The data sgp package offers an efficient method for organizing longitudinal (time dependent) student assessment data into statistical growth plots. This package uses R software environment which is available for Windows, OSX and Linux operating systems. While its use requires some familiarity with its programming language R programming environment there are numerous resources available to get you going quickly and efficiently.
The median SGP serves as a useful summary statistic to illustrate student growth across subgroups, classes, schools and districts; however it only takes into account the middle value of all student results; mean SGPs provide more accurate representations of performance; they therefore are the more popular statistic used in Star Growth Reports.
SGPs may not provide a perfect indicator of student performance, but they can still assist decision makers in their deliberations process. For example, SGPs can help identify accelerated programs with few students that struggle to keep pace with the rest of their class; this may be especially relevant when starting out from similar knowledge, skills and abilities.
An SGP is typically comprised of student test score data from multiple assessment years.
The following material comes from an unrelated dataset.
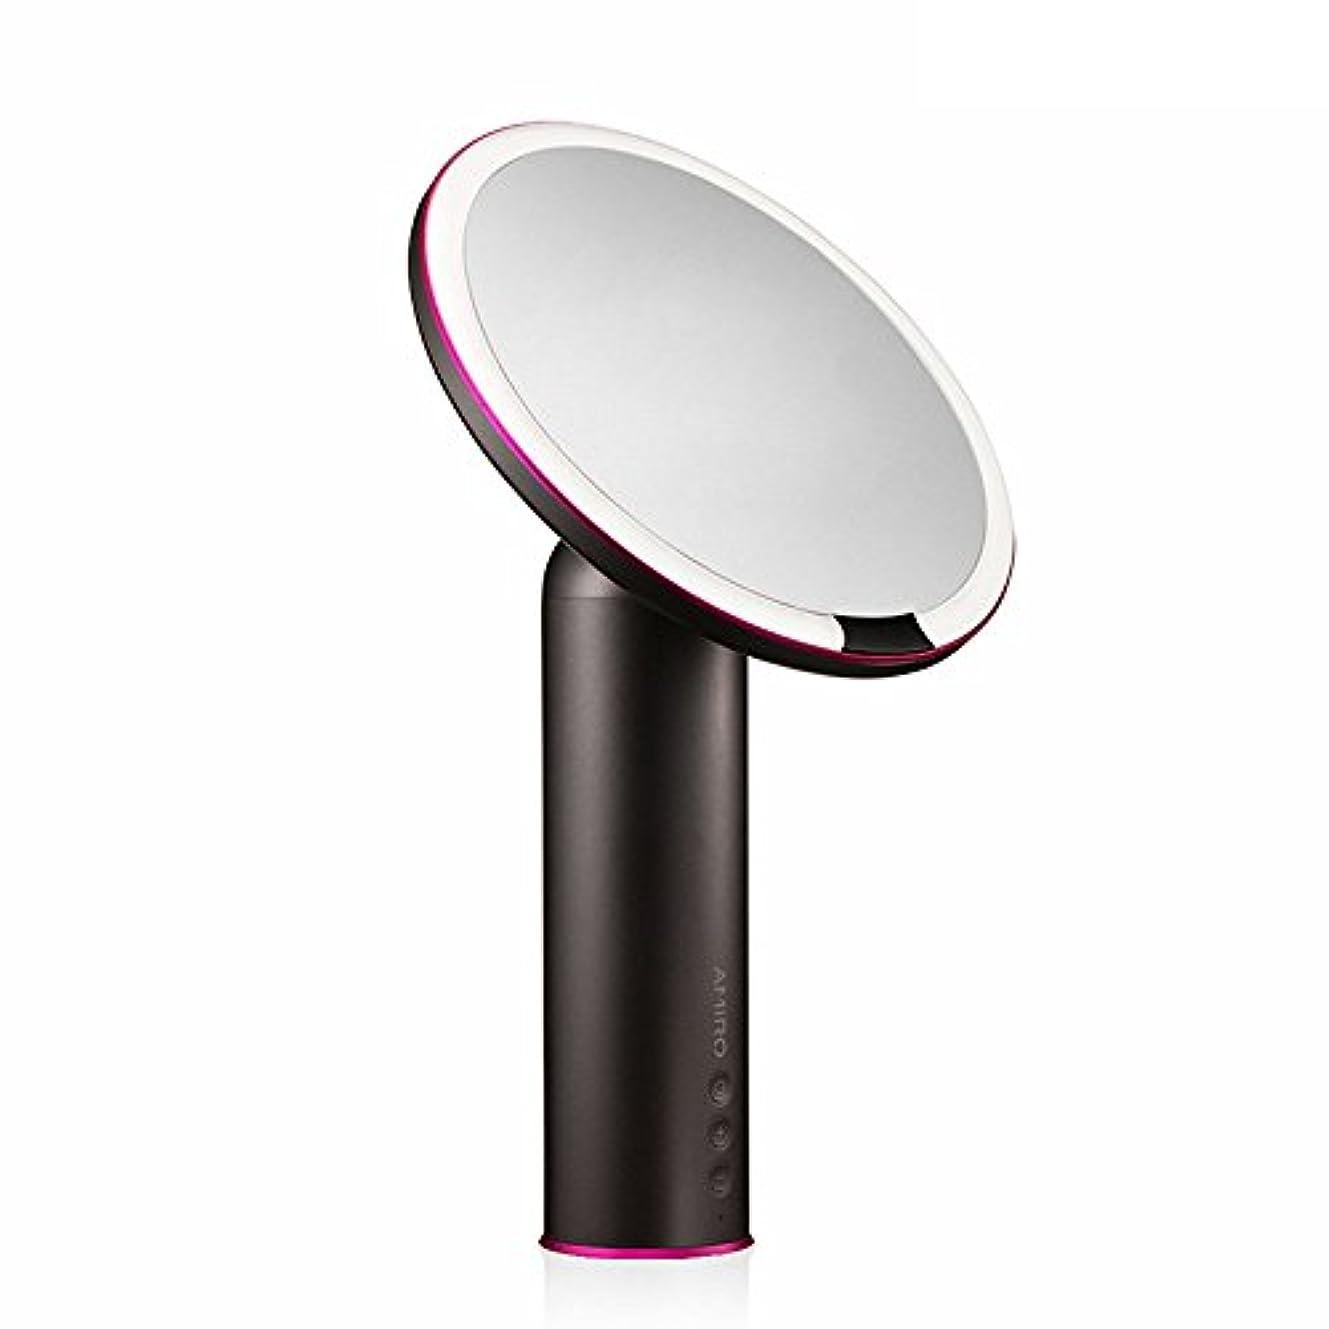 ペネロペ更新幸福AMIRO LED化粧鏡 人感センサー付き 化粧ミラー LEDライト付き 卓上鏡 女優ミラー 3段階明るさ調節可能 コードレス 充電式

The first column, id, provides unique student identifiers; subsequent columns GRADE_2013 through GRADE_2017 provide scale scores; while GROUP_SCORE displays aggregate group scores across schools or districts.
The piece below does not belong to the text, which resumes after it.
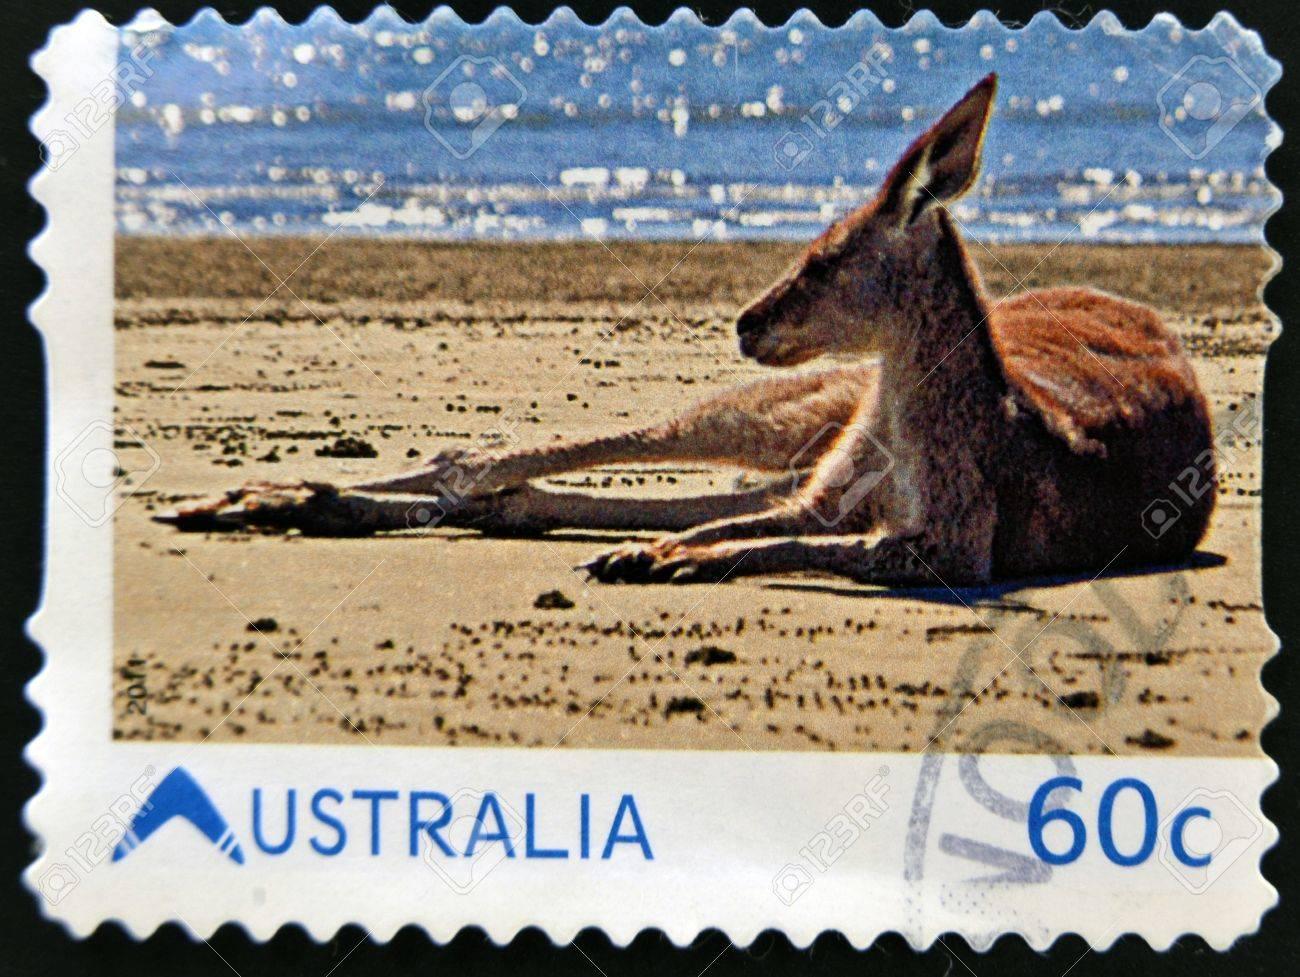 AUSTRALIA - CIRCA 2011: A stamp printed ibn Australia shows Kangaroo on the beach, circa 2011 Stock Photo - 17289575

Integrating SGP analyses is straightforward when using either of the sgpData_WIDE or sgpData_LONG data sets. The former contains an exhaustive list of variables used for analysis while the latter distributes time dependent variables across multiple rows for each student and provides demographic/student categorization variables that can be used with SGP to generate student aggregates.
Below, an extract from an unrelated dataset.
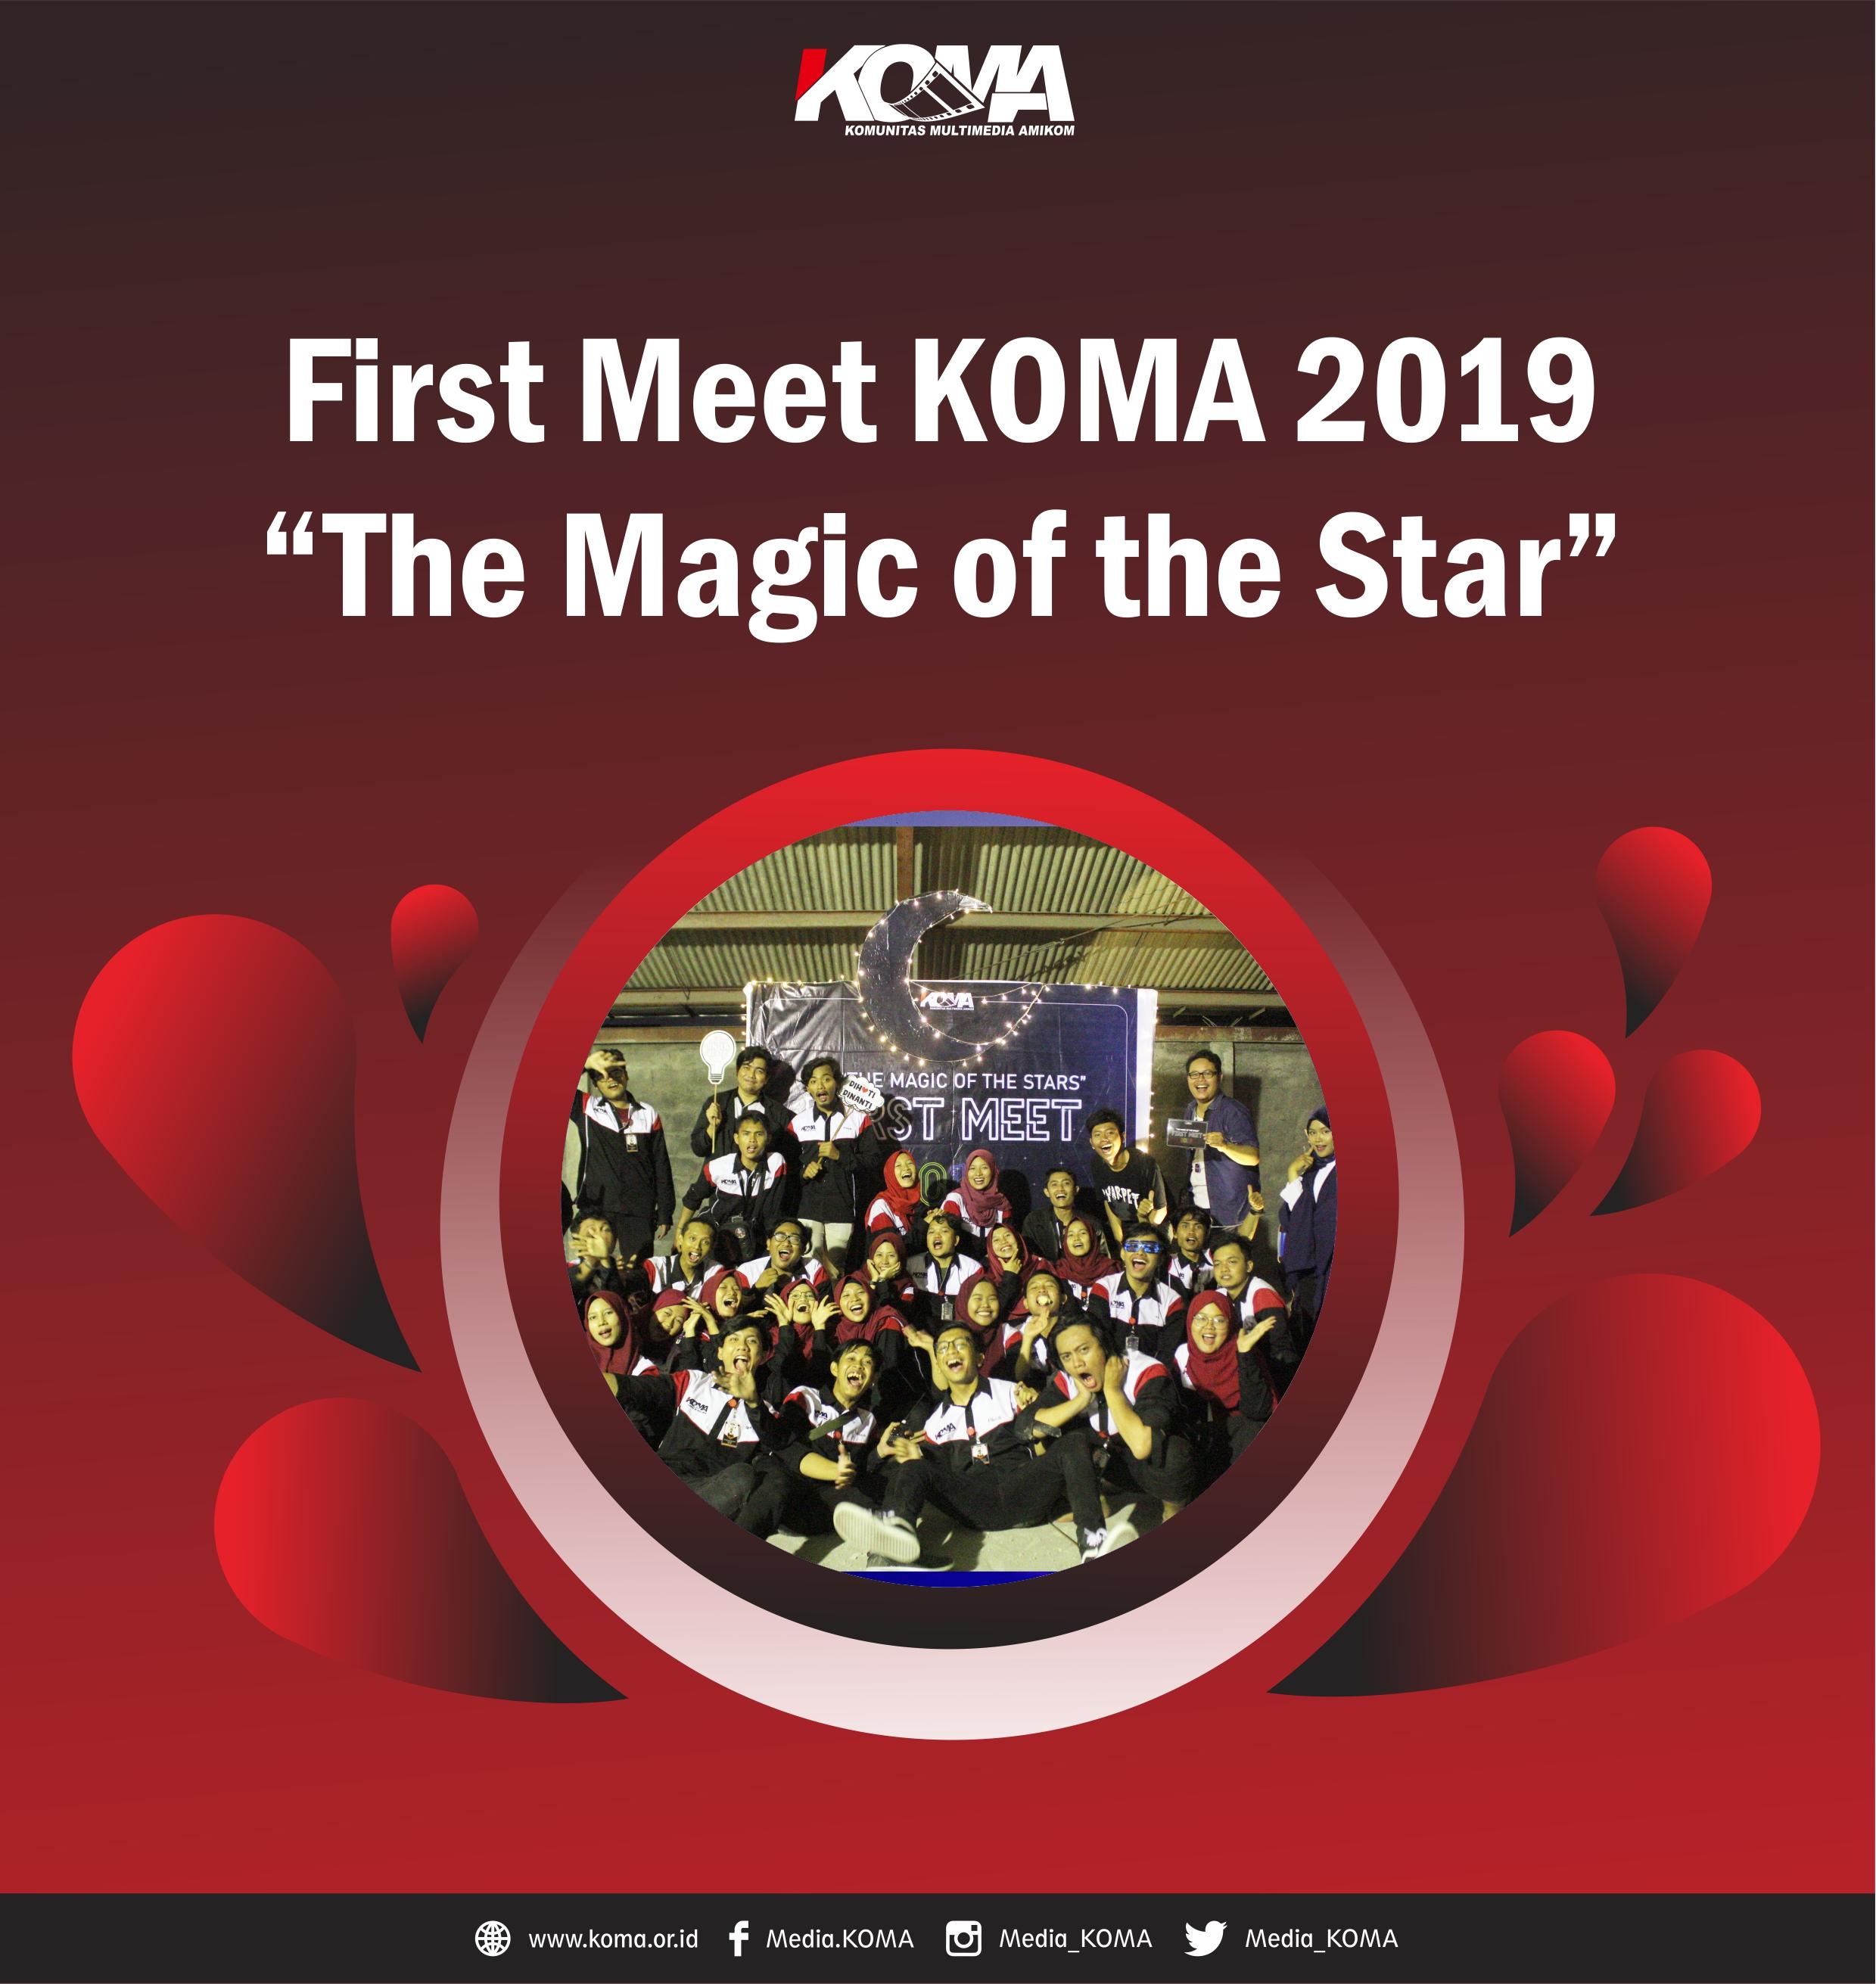 First-meet-KOMA-2019

At present, the sgpData_LONG dataset includes assessment results for eight windows (3 per year) of content areas that use LONG format for assessments. The sgpData_LONG format includes variables for valid_case, content_area, year, ID number, SCALE_SCORE GRADE grade level projections as well as ACHIEVEMENT_LEVEL for student growth projections. Information on these formats can be found in the SGP Data Analysis Vignette. Adding variables is simple by creating an issue on GitHub. Issues should include details regarding variable names, data sets from which variables will be extracted and usage in an SGP environment. Once an issue has been generated, developers can review it and respond appropriately.